We didn't talk about anything too heavy, either. Not about his letter or burn box, or the therapy either of us had. Not about the bets — which I was starting to realize more and more that, while it was wrong of him to bet on me, he never made them with any malicious intent towards me. Luke seemed more kind-hearted and genuine, and every time he looked at me I felt my stomach churn for no reason at all.

But this, this was way too easy. How could I have spiraled as terribly as I had and then two months apart was able to just erase it all? That didn't seem fair. That didn't seem real. I wanted to give this friendship between us another shot because it looked like he'd changed, but this was only reminding me of the four months we spent kissing and cuddling, sharing secret glances, swapping secret messages and meeting in the dark of classrooms. And I knew all too well how that turned out for me, and there was no way I wanted a repeat.

There was one part of me adamant about not forgiving him, too. He was a liar. The worst kind. He had lied about his intentions with me for months and I had been too stupid and oblivious to the obvious signs because I had been so infatuated with him. I had wanted more and didn't pay mind to the consequences until they had actually hit me.

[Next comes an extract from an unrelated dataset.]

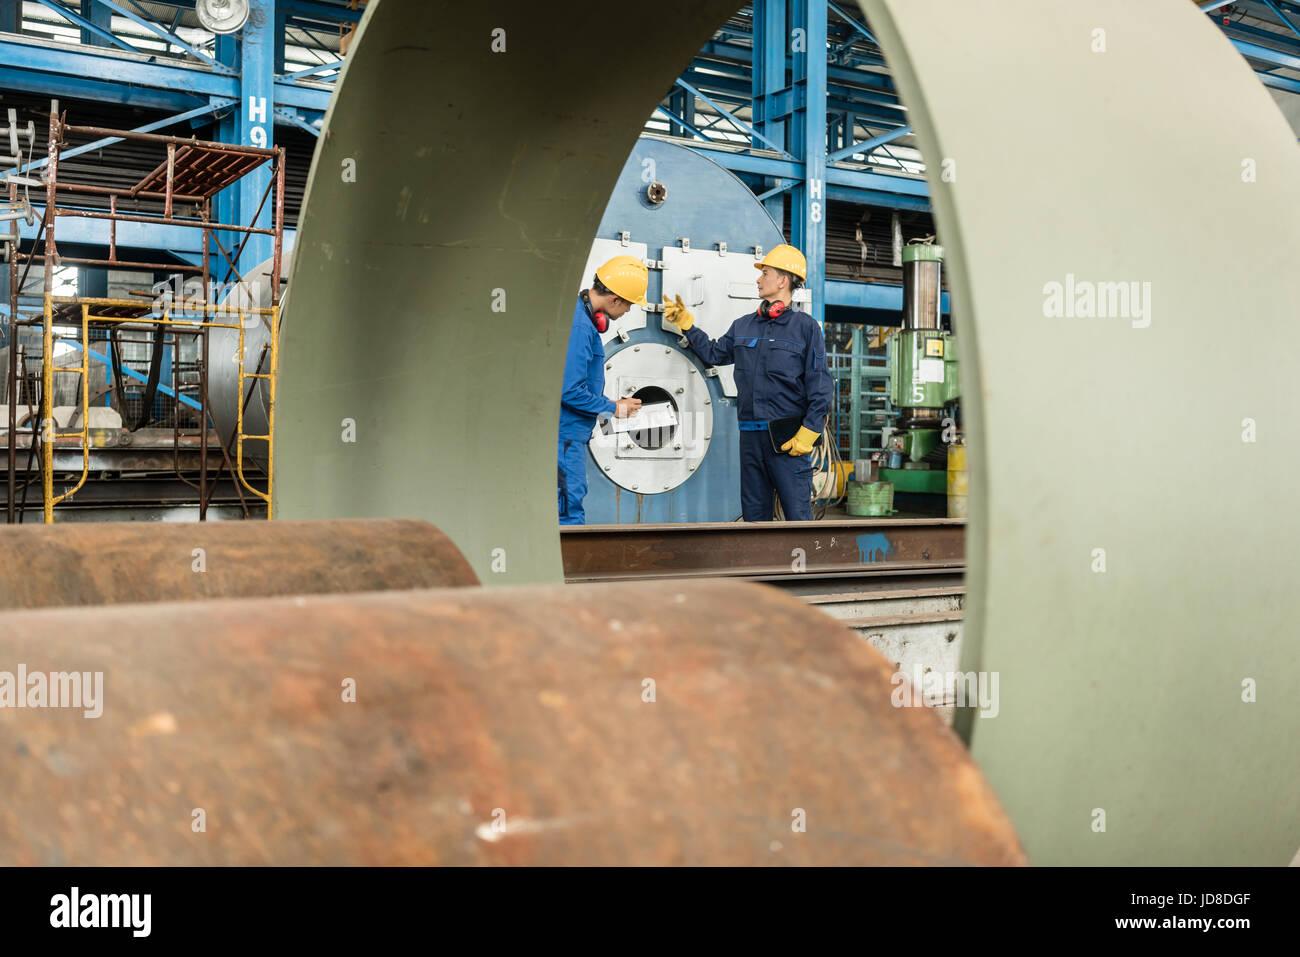 Erfreut Wie Arbeiten Industrielle Dampfkessel Ideen - Elektrische ...

That in itself made me wary of his intentions.

Yet, as I always seemed to do, I was coming around quickly to this idea of starting our friendship again; A clean slate. Would I be setting myself up for failure if I allowed this to take shape? Would I just end up back in this naive cycle of trust? I didn't want to be played again, that much I knew for certain.

During breakfast, Liz had called, too, and while she was at first scolding Luke for skipping school without telling her and having to receive a shameful call from the school secretary, she was more than happy when she realized that he was with me. I guess she really was serious about wanting me to spend more time with her son.

Now we were back in Luke's car, the warm heat blasting. I hadn't yet gotten my clothes back from Steph's house, and I hadn't gone home to grab my coat either, but the crewneck Luke had given me was more than enough to provide me warmth and comfort. The track pants from Liz that Luke let me wear just managed to reach my ankles and were quite warm as well. It seemed as though this entire morning had gone much more positively than I had thought it would, and I couldn't be more surprised. I couldn't get over how slipping back into this easiness with Luke came a lot quicker than I would've thought.